Di sini, fondasi aletheia dicederai oleh elemen apate dan dolos, dan risiko terbesarnya adalah hilangnya kepercayaan masyarakat terhadap upaya penegakan hukum. Ini berpengaruh pada prinsip integritas ketiga yang dikatakan oleh Holroyd dan Picinali, integritas sebagai integrasi.
Proses penggerebekan oleh aparat yang hanya didasarkan pada intuisi atau probabilitas statistik pun tidak dapat dibenarkan, karena ada kemungkinan fabrikasi data (Derksen & Meijsing, 2009:58-60).
Sekali lagi, prinsip aletheia menuntut keteguhan dalam bertindak, karena kebenaran aletheik tidak pernah sederhana. Selalu ada lapisan demi lapisan data dan informasi yang perlu dicermati, digali, dan dikupas terus menerus.
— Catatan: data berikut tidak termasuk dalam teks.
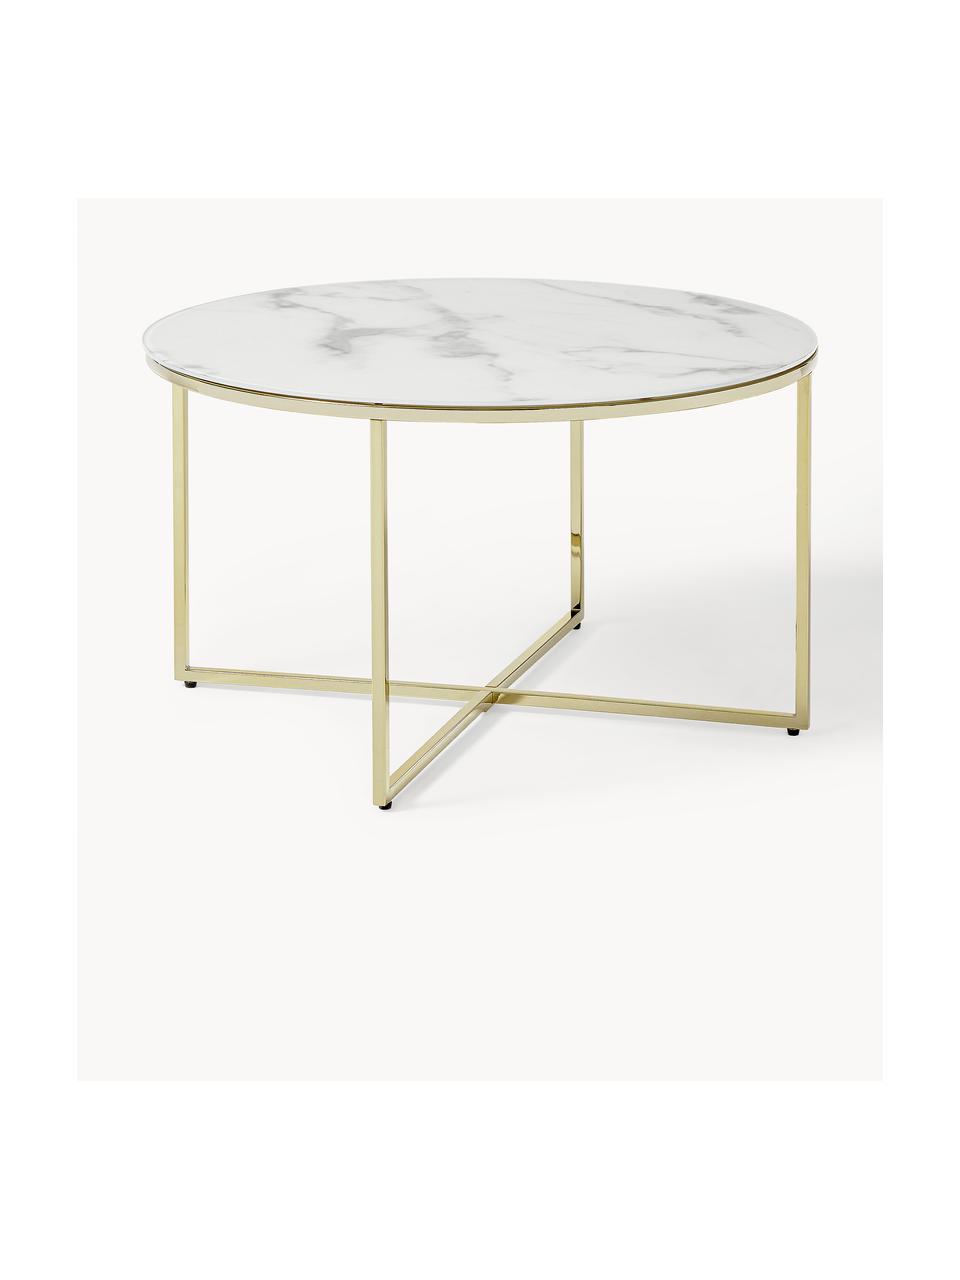 Kulatý konferenční stolek se skleněnou deskou v mramorovém vzhledu Antigua, Bílá v mramorovém vzhledu, lesklá zlatá, Ø 80 cm

Menyingkapkan dan Berusaha untuk Menemukan Kebenaran
Dalam kasus Dunaway v. New York, 442 U.S. 200 (1979), Irving Jerome Dunaway diduga melakukan perampokan dan percobaan pembunuhan di Rochester, New York, Amerika Serikat hanya karena polisi mendapatkan selentingan informasi dari seorang narapidana tentang keterlibatan Dunway. Tanpa bukti apapun, ia pun dibawa ke kantor polisi untuk diinterogasi.
Dari proses interogasi ini, polisi mendapatkan pengakuan tertulis yang menyatakan bahwa Dunway memang terlibat dalam aksi kejahatan yang dituduhkan kepadanya. Kasus ini kemudian sampai ke Mahkamah Agung yang memutuskan bahwa prosedur yang dilakukan oleh pihak kepolisian cacat dan melanggar Amandemen Keempat dari konstitusi di negara itu.
Mahkamah Agung juga menolak pengakuan yang diajukan oleh kepolisian karena bukti tersebut dianggap diperoleh secara ilegal (Justia Supreme Court Centre, 2025). Kasus ini juga dapat dijadikan preseden lanjutan tentang penghilangan alat bukti, yang meskipun terlihat berbeda, namun dampaknya masih berada di koridor pencederaan yang serupa.
Kebenaran hukum bukanlah hasil dari penemuan yang instan, melainkan buah dari proses panjang yang menuntut kejujuran, ketelitian, dan integritas.
Dalam setiap upaya menyingkap fakta, hukum dihadapkan pada ketegangan abadi antara aletheia dan kekuatan-kekuatan apate serta dolos yang berupaya menutupinya. Ketika prosedur dilanggar, bukti dimanipulasi, atau pengakuan dipaksakan, maka bukan hanya legitimasi hukum yang tercemar, tetapi juga makna etis dari kebenaran itu sendiri.
Karena itu, menegakkan hukum berarti menjaga kesetiaan terhadap proses penyingkapan yang jujur, sebuah tanggung jawab epistemik dan moral yang tidak boleh dikompromikan oleh alasan pragmatis.
Kebenaran hukum sejati selalu bersifat aletheik: ia menuntut keterbukaan, keberanian untuk menyingkap yang tersembunyi, dan keteguhan untuk mempertahankan integritas proses hukum agar tidak terseret ke dalam kabut manipulasi, distorsi, dan kepentingan yang menyesatkan.